| WORK TO COMPLETE |
Ignoring pictures, transcribe exactly the lines between the one containing "Infografis Rentetan Bencana" and the end of the material, both included.

| DATA EXCERPT |

+++

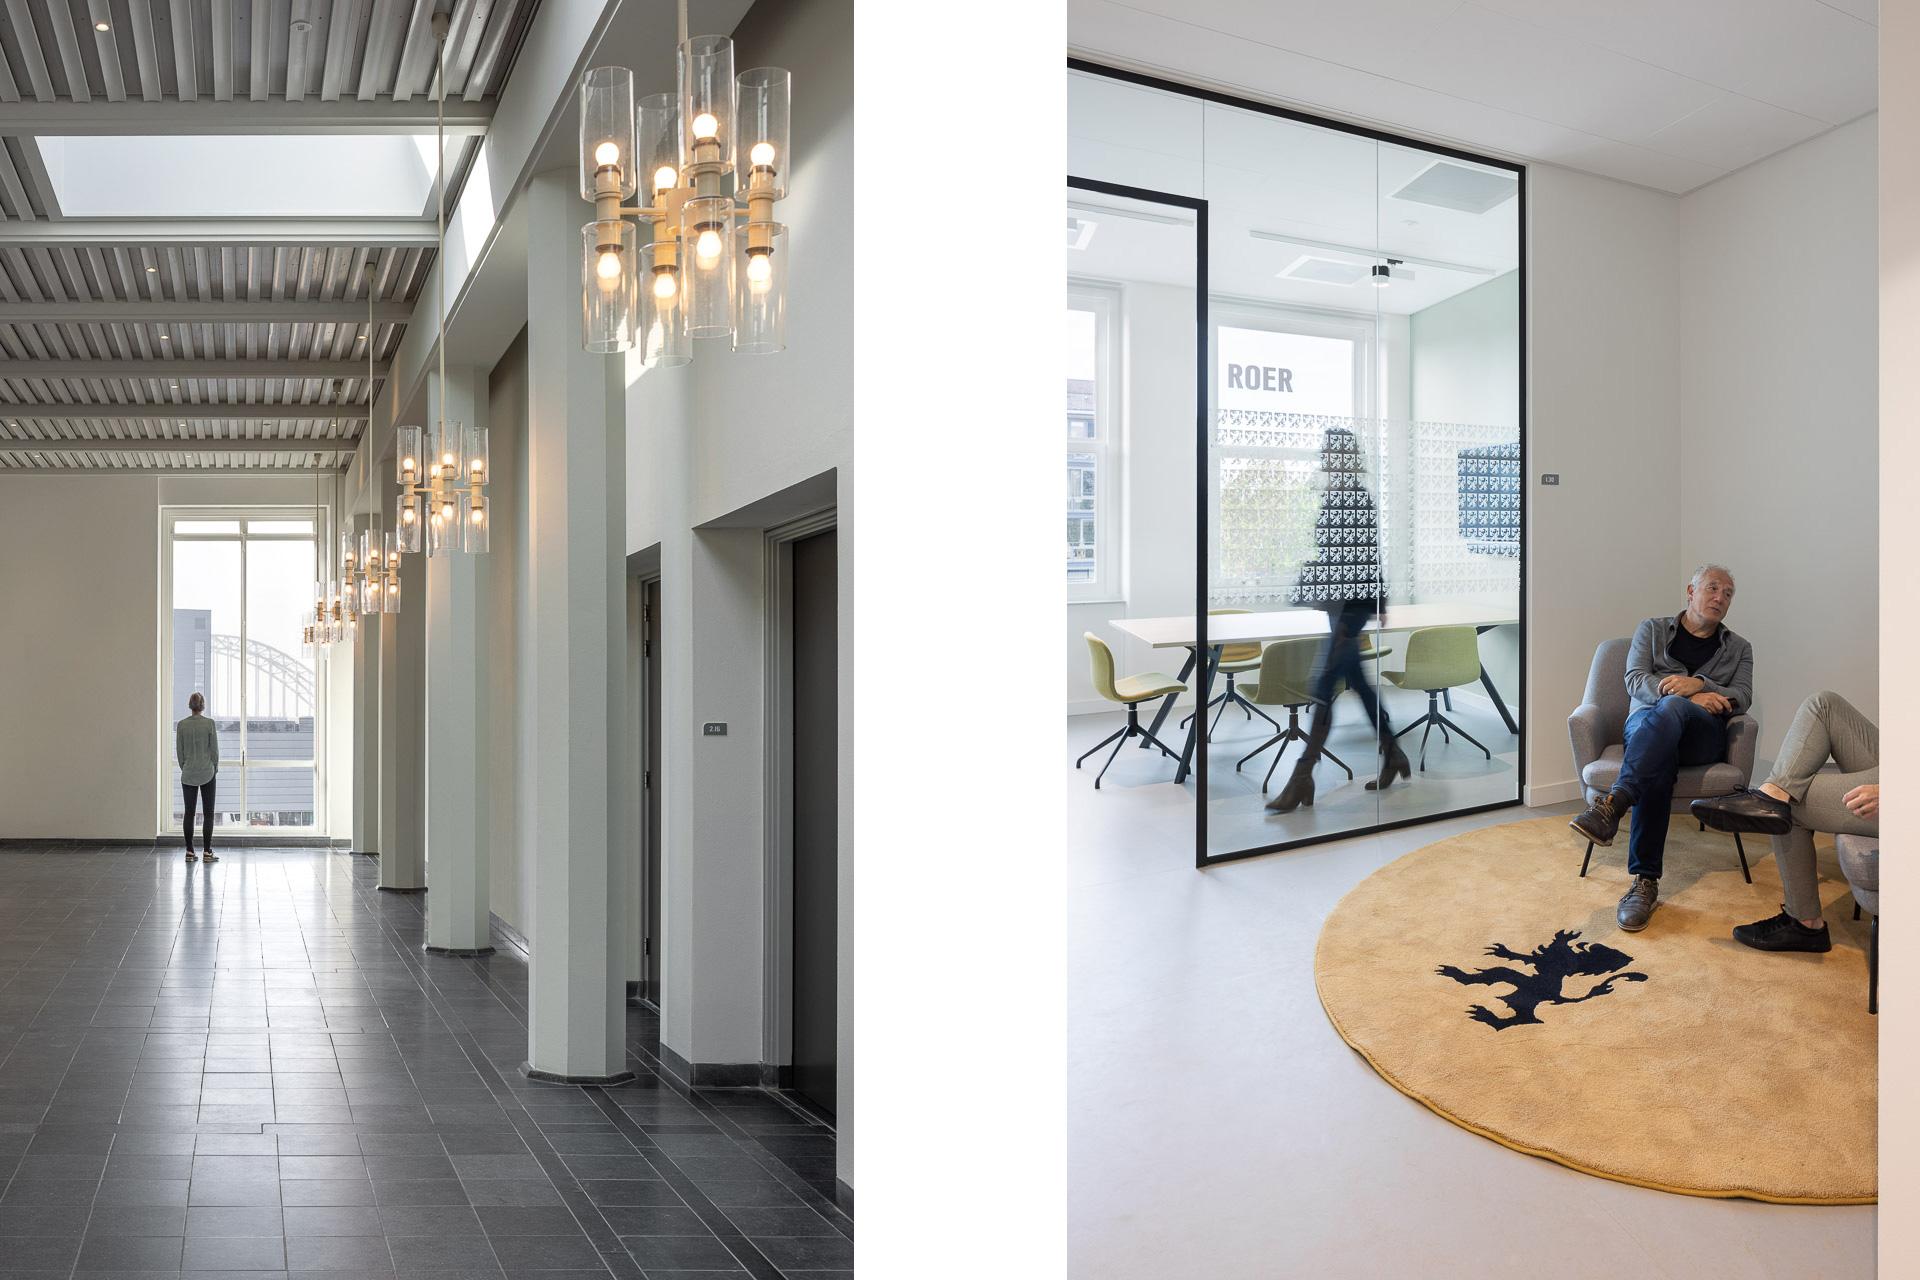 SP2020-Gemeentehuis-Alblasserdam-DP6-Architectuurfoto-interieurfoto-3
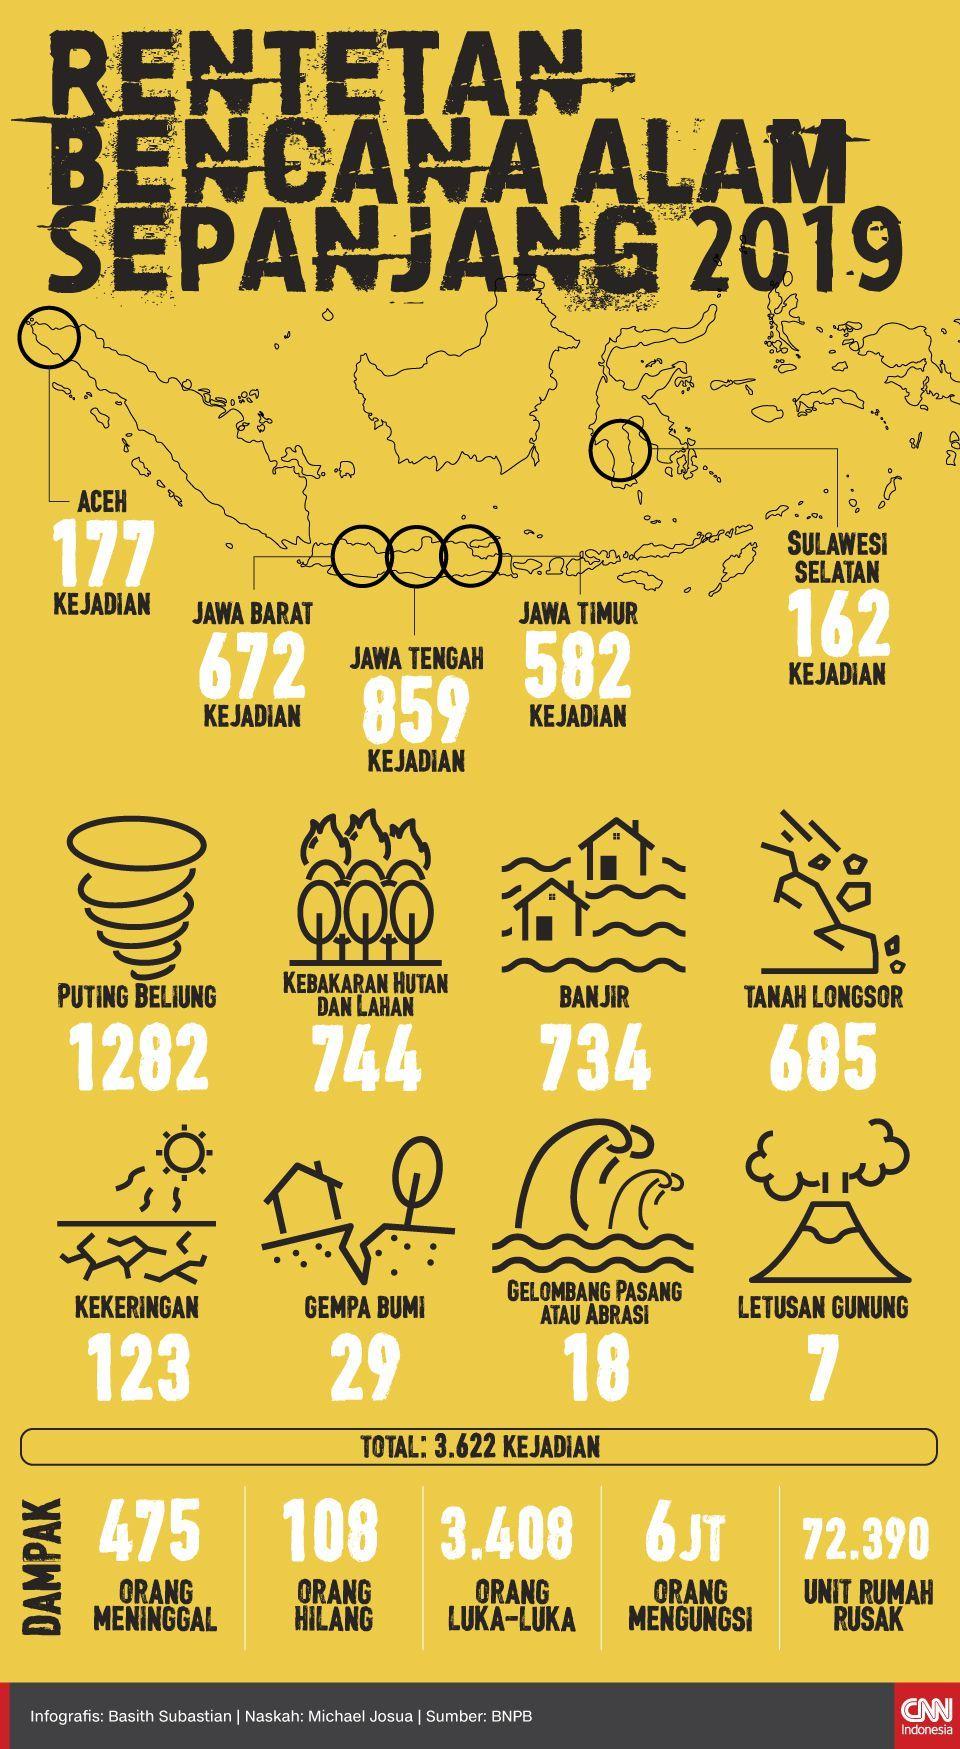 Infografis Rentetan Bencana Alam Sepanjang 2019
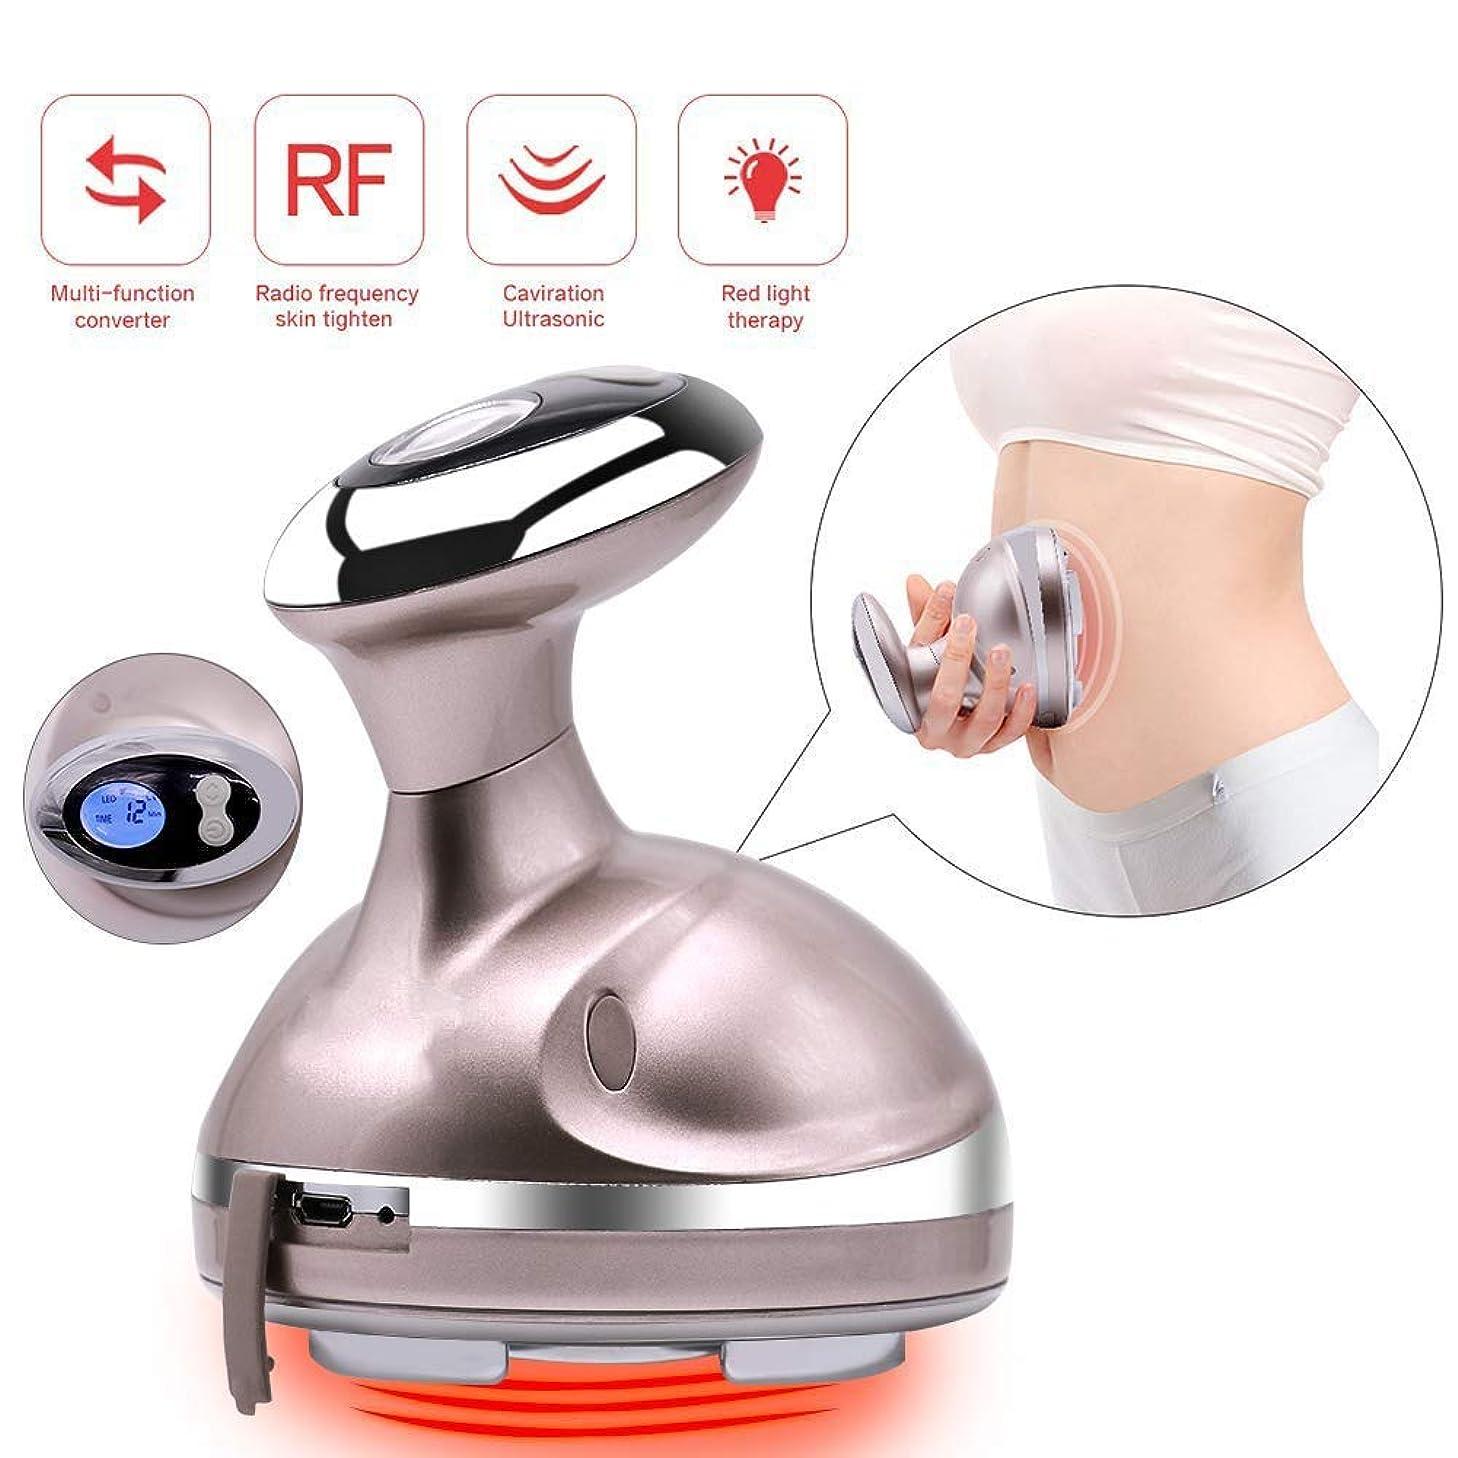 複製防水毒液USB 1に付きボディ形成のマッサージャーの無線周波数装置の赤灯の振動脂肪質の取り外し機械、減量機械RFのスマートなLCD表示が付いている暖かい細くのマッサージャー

+++

| TASK OUTPUT |
 Infografis Rentetan Bencana Alam Sepanjang 2019
 複製防水毒液USB 1に付きボディ形成のマッサージャーの無線周波数装置の赤灯の振動脂肪質の取り外し機械、減量機械RFのスマートなLCD表示が付いている暖かい細くのマッサージャー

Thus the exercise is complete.